### Supplied records
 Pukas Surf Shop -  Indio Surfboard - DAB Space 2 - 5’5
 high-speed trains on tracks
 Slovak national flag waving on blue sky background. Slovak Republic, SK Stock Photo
######
### Supplied records
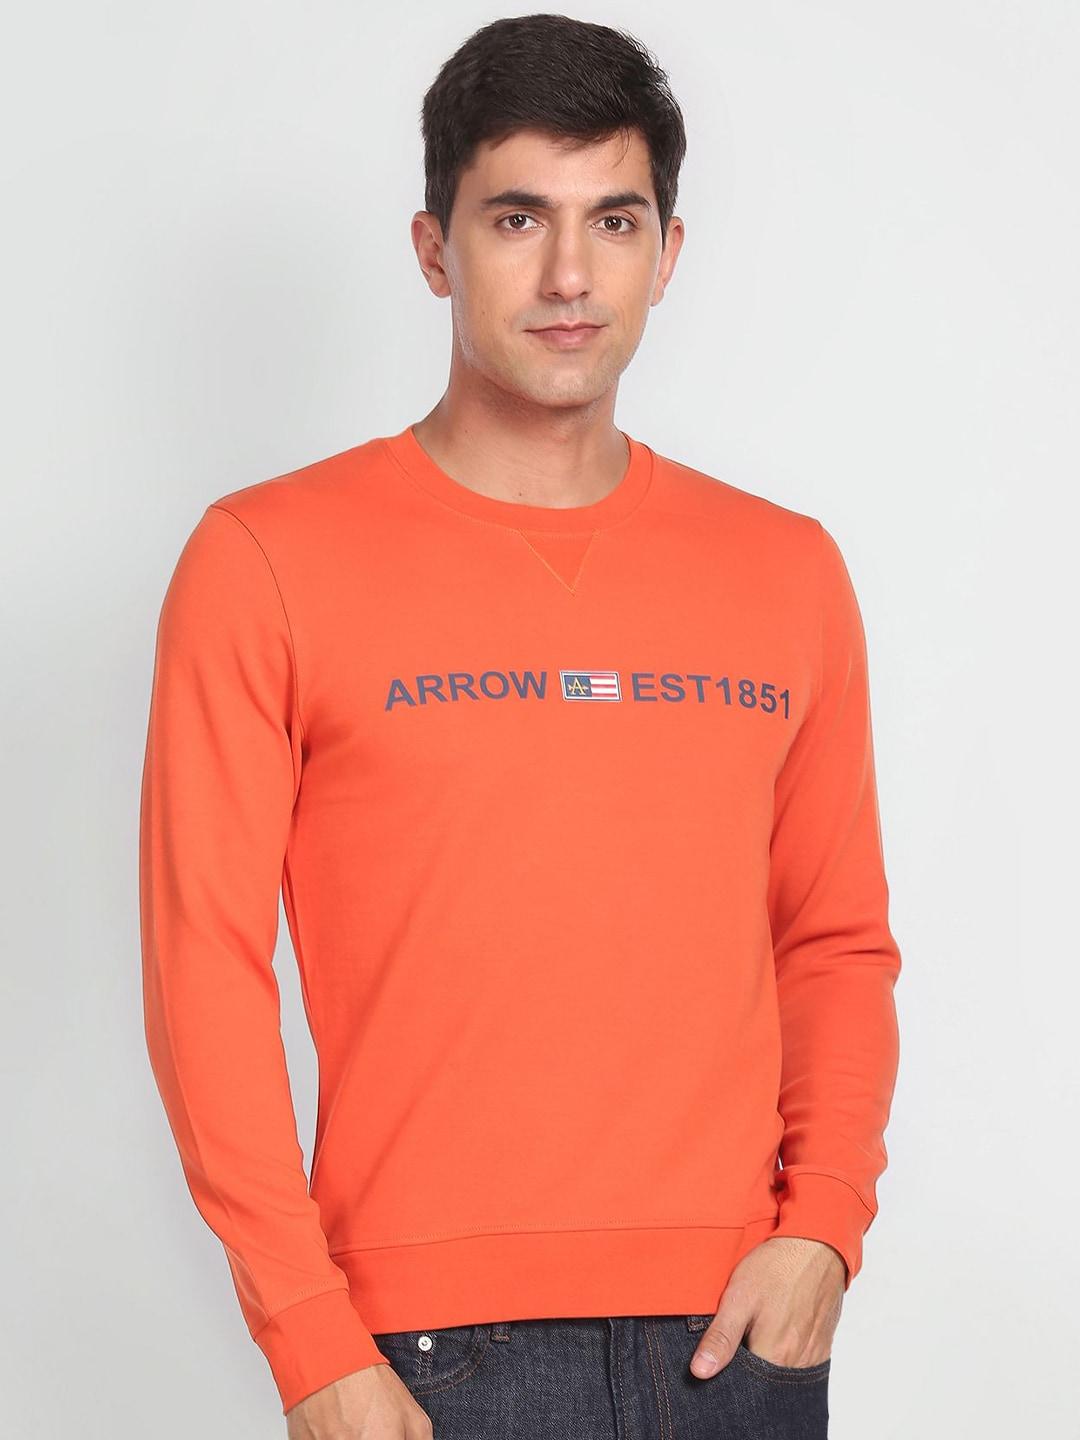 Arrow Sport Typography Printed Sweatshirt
######
### Supplied records
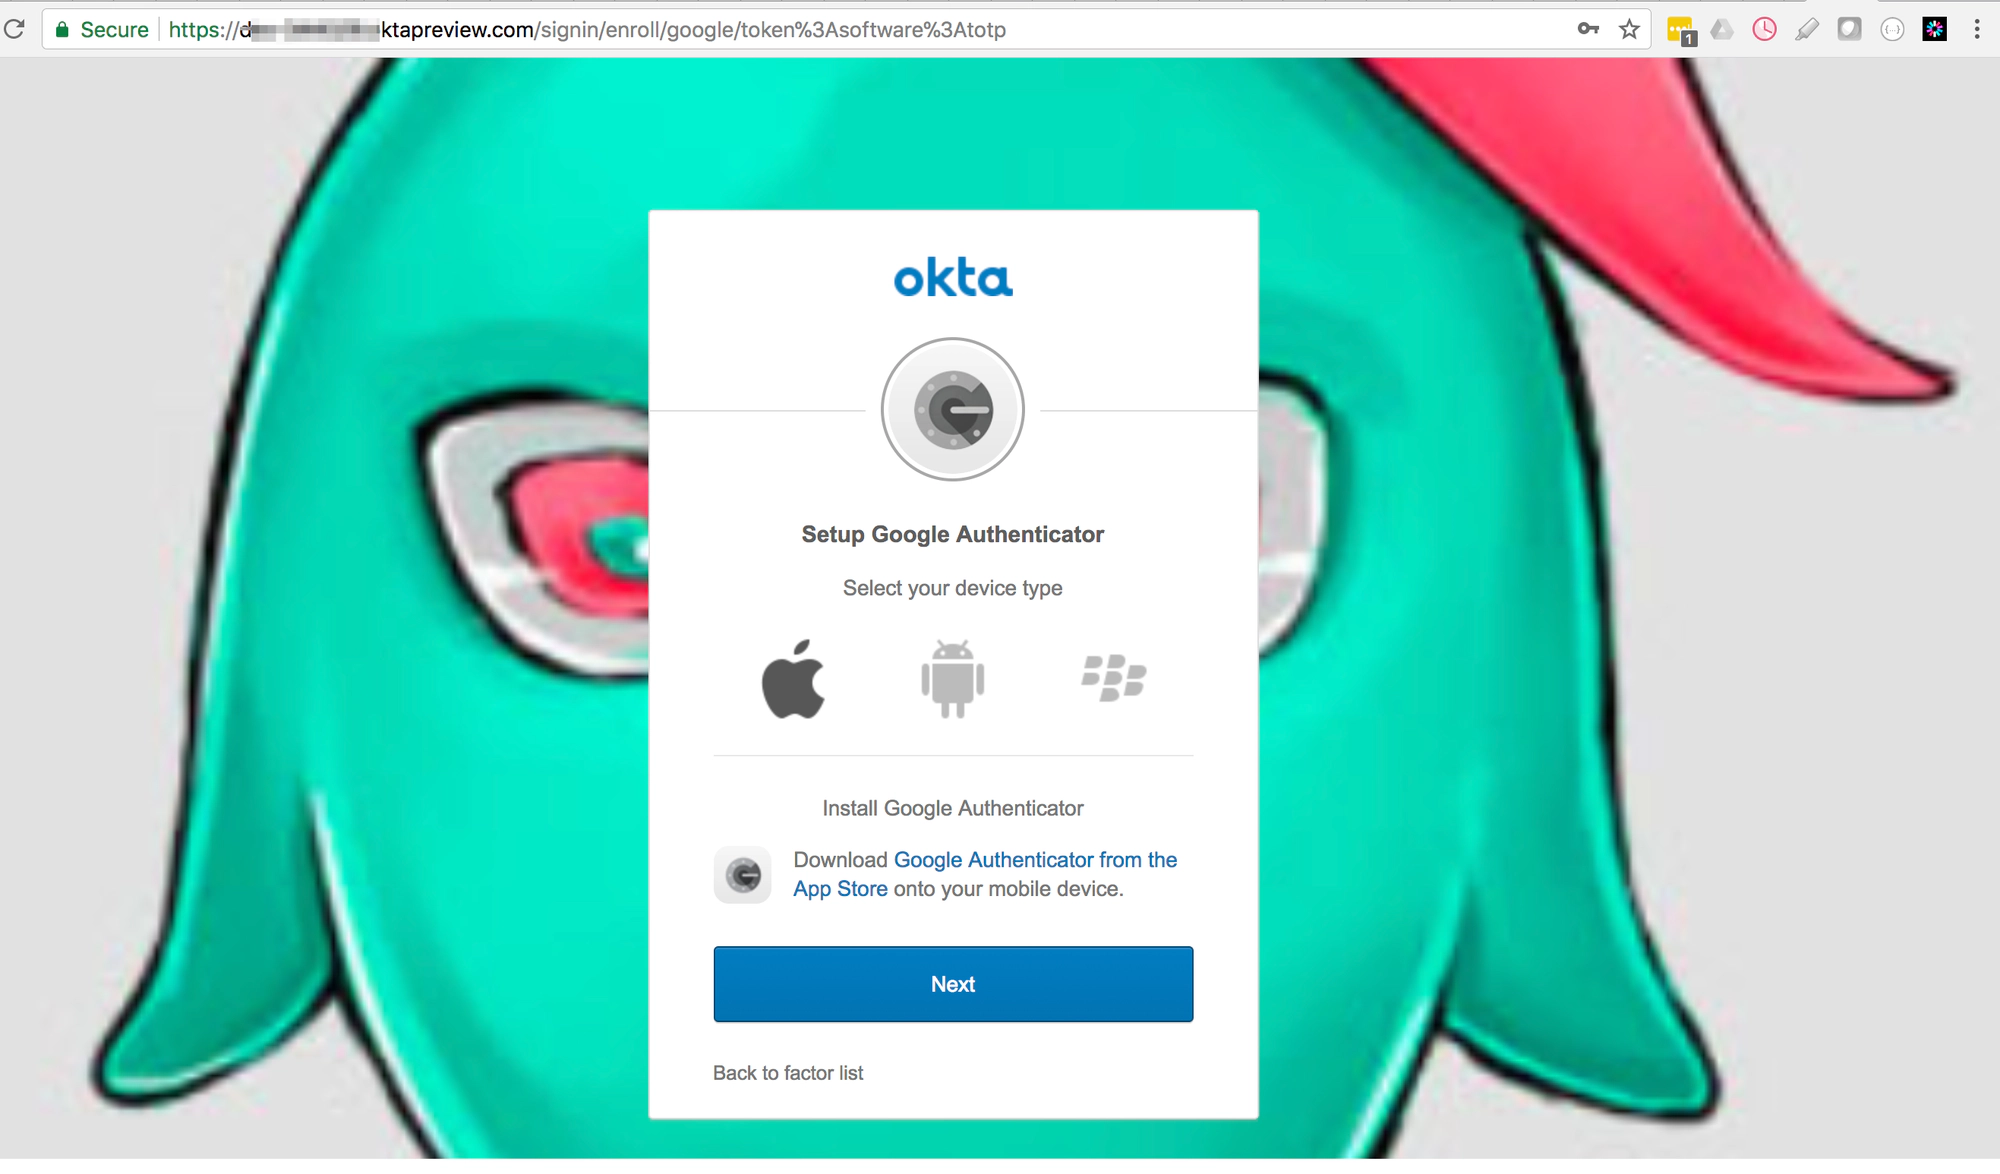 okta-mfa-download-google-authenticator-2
######
• **Goal of the exercise**
Please give again the lines above between the line holding "Pukas Surf Shop" and the line holding "Slovak national flag", inclusive, exactly as they are and with nothing added.

• **Exercise result**
 Pukas Surf Shop -  Indio Surfboard - DAB Space 2 - 5’5
 high-speed trains on tracks
 Slovak national flag waving on blue sky background. Slovak Republic, SK Stock Photo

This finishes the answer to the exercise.